Fire Deparment, hospital to expand transport partnership

Fire Deparment, hospital to expand transport partnership

Michele Ellson
Alameda Fire Department BLS

Photo from the City of Alameda website.

The Alameda Fire Department is preparing to expand the non-emergency transport services it provides to patients at Alameda Hospital who need rides to appointments and other health care facilities. The City Council is set to consider changes to the contract between both entities on Tuesday.

In an effort to generate revenue, the department initiated a two-year pilot to provide non-emergency basic life support transport in July 2012. The department and hospital managers inked a deal to work together a few weeks after the pilot’s officials July 1 kickoff date.

The contract changes will see the department handling gurney and wheelchair transports, which the department had once handled but ultimately learned had been reclassified and handed off to other ambulance companies, a report penned by Fire Chief Michael D’Orazi for the council’s Tuesday meeting says.
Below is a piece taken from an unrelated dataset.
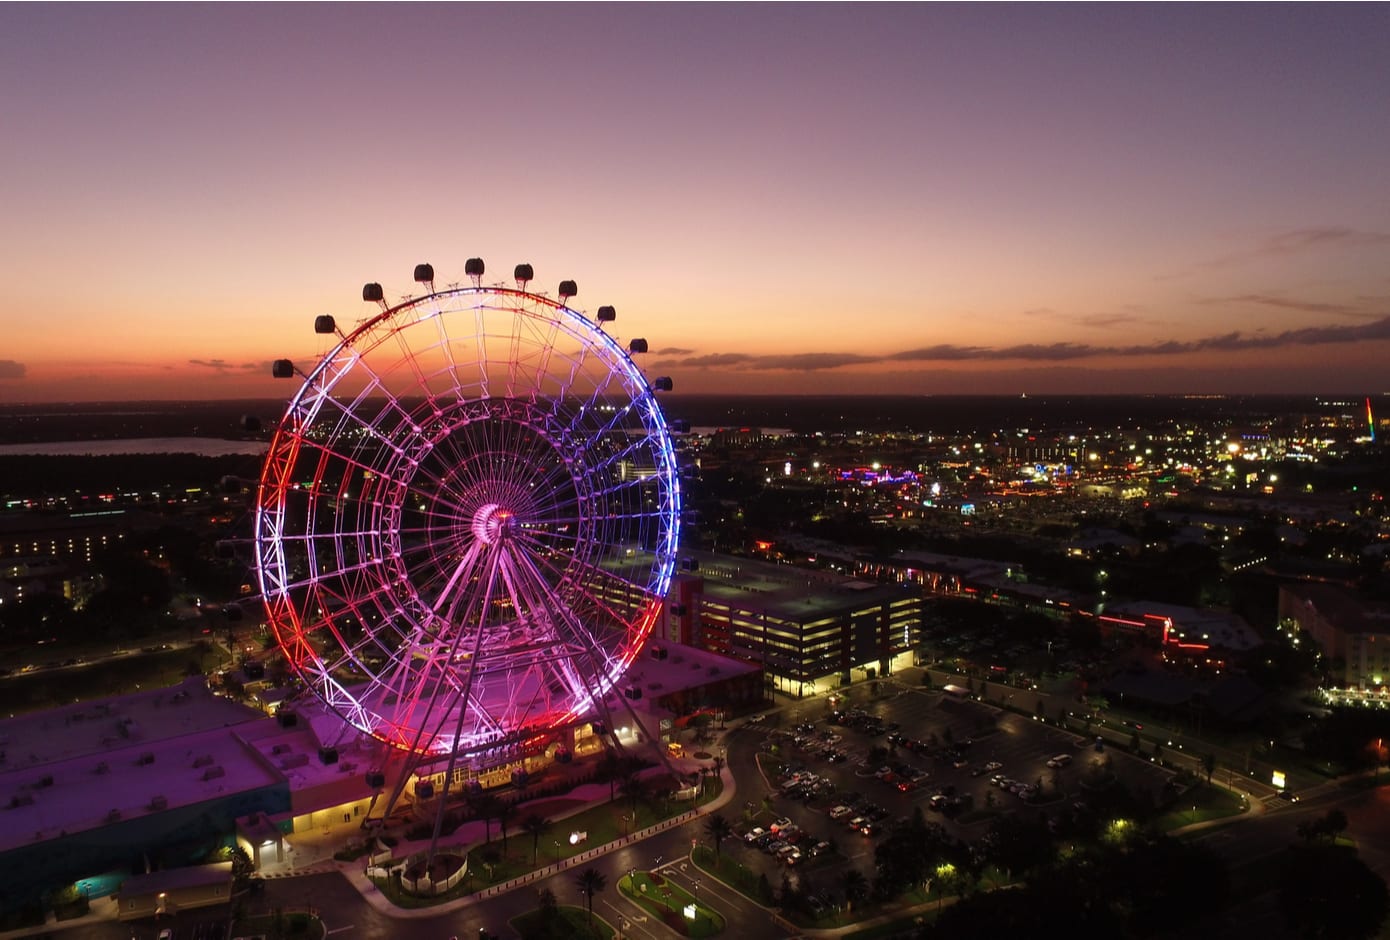 The Ferris Wheel, at ICON Park, Orlando, Florida.

The department’s new service handled a high of 57 transports for the hospital in October 2012, and a low of zero transports this past February.

“While these non-emergency patient transportation services fall within the general category of BLS, the services were not clearly outlined in the District’s initial agreement with the Fire Department. Therefore, the District contracted with other private, non-Alameda ambulance companies to provide these services,” the report says.
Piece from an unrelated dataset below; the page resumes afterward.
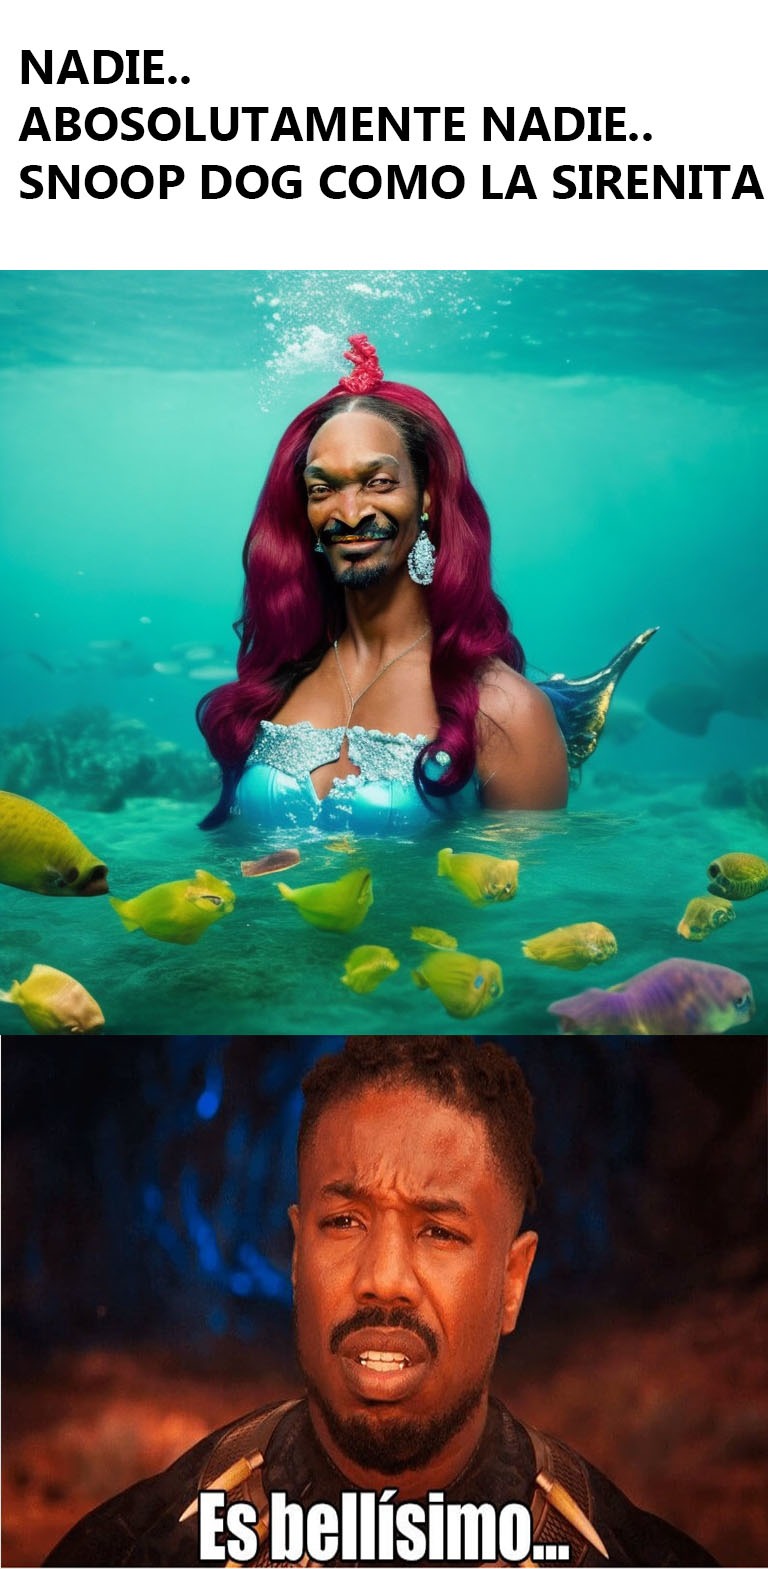 Sirenita Snoop meme

In addition to servicing transport calls, the department will parcel out calls for service it can’t fulfill to a trio of private transport providers and will manage all the billing for those services.
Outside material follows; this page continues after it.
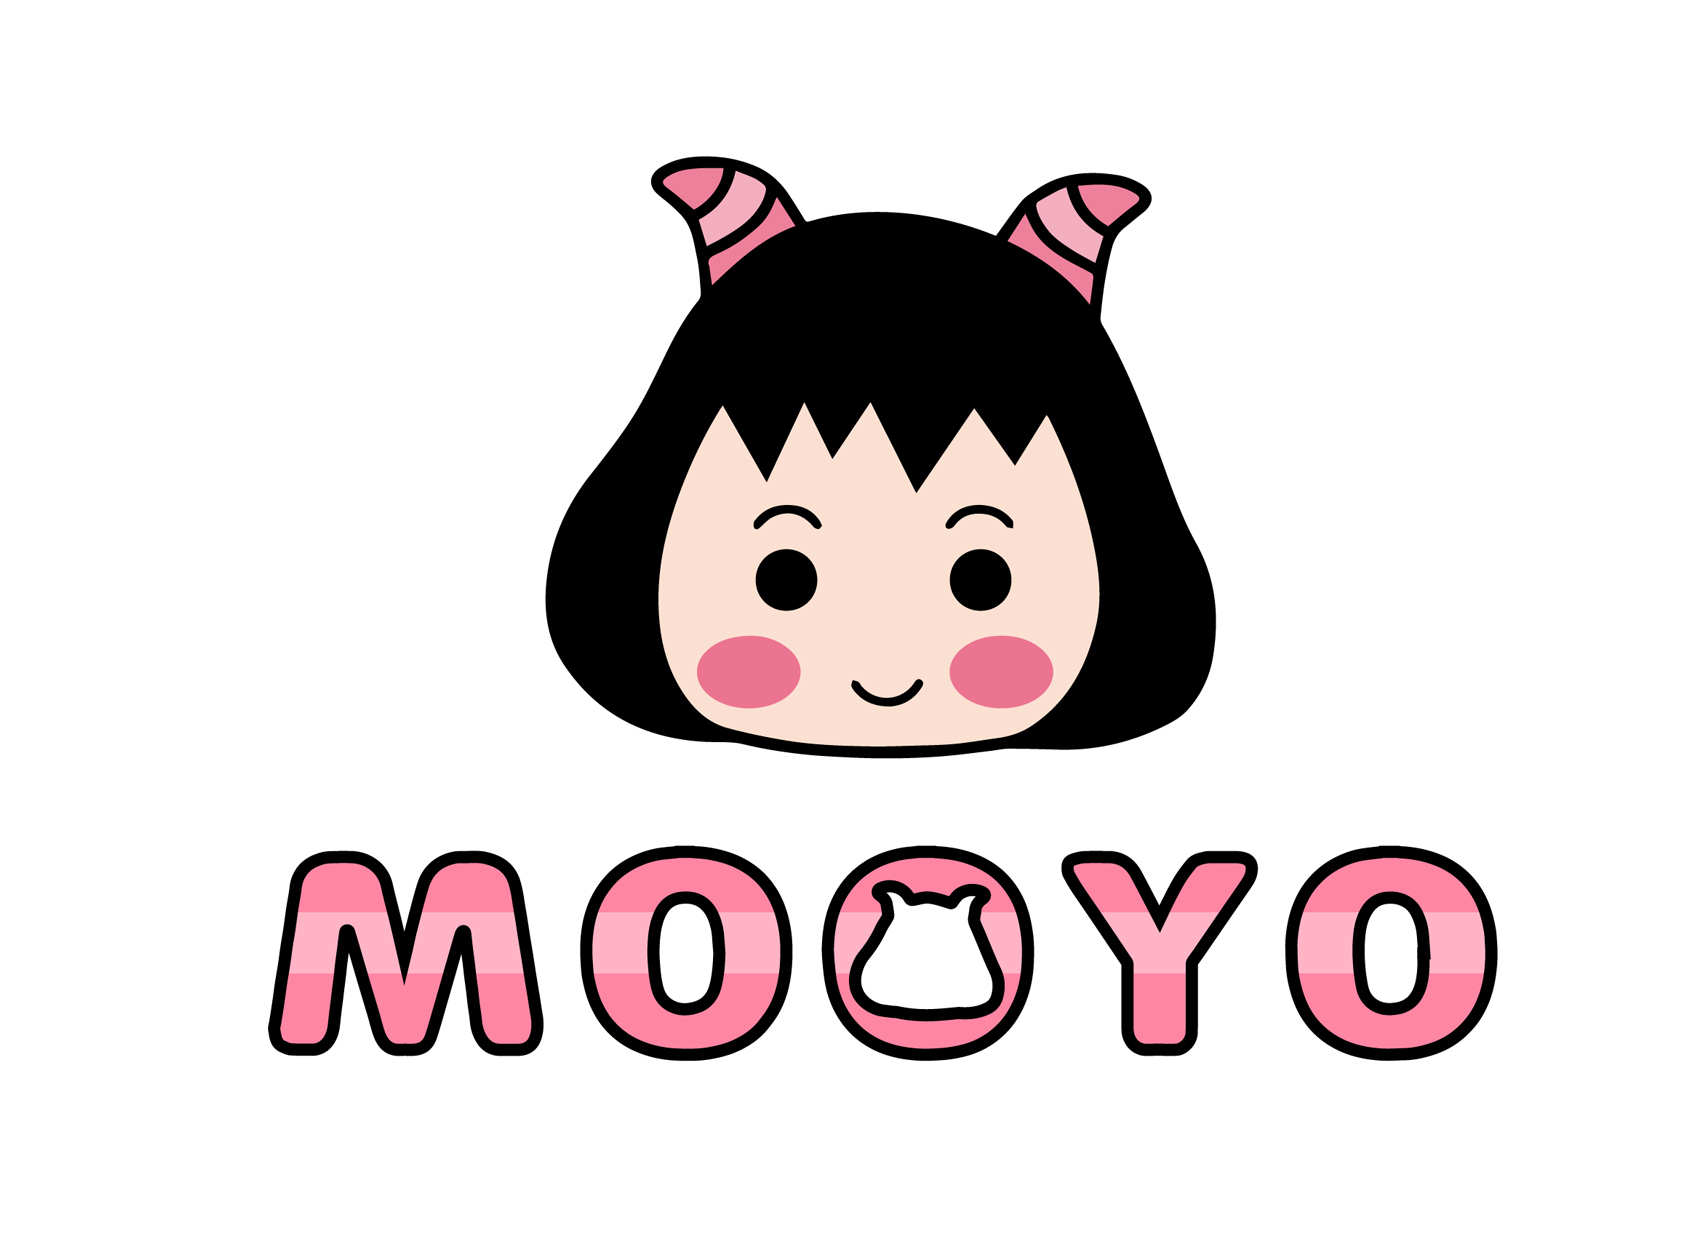 MOOYO

Data gathered as a result of the contract changes, expected to go into effect Wednesday, will allow the fire department to decide whether the pilot program should be halted – or expanded, D’Orazi’s report says.

The partnership “has provided the community with local, reliable service by professional Emergency Medical Technicians,” Chief Executive Officer Deborah E. Stebbins wrote in a May 1 report to the Alameda Health Care District Board of Directors, which oversees the hospital, and will help the department increase revenues.

“It is the goal of AFD to expand their volume and revenue through the provision of more comprehensive coverage, which in turn will justify expanded equipment in the Fire Department,” Stebbins wrote.

The department pitched the basic life support service to the City Council in February 2012, in an effort to reap the benefits of what they said was a growing demand for non-emergency transport services. D’Orazi said the service could earn $72,879 in its initial year of operation and $218,853 over the course of the coming fiscal year, which begins July 1.

The department planned to hire a half-dozen emergency medical technicians at $17 an hour to staff the new service, which would work with skilled nursing facilities, dialysis units, hospitals and medical offices to provide services that had been offered by private, off-Island companies.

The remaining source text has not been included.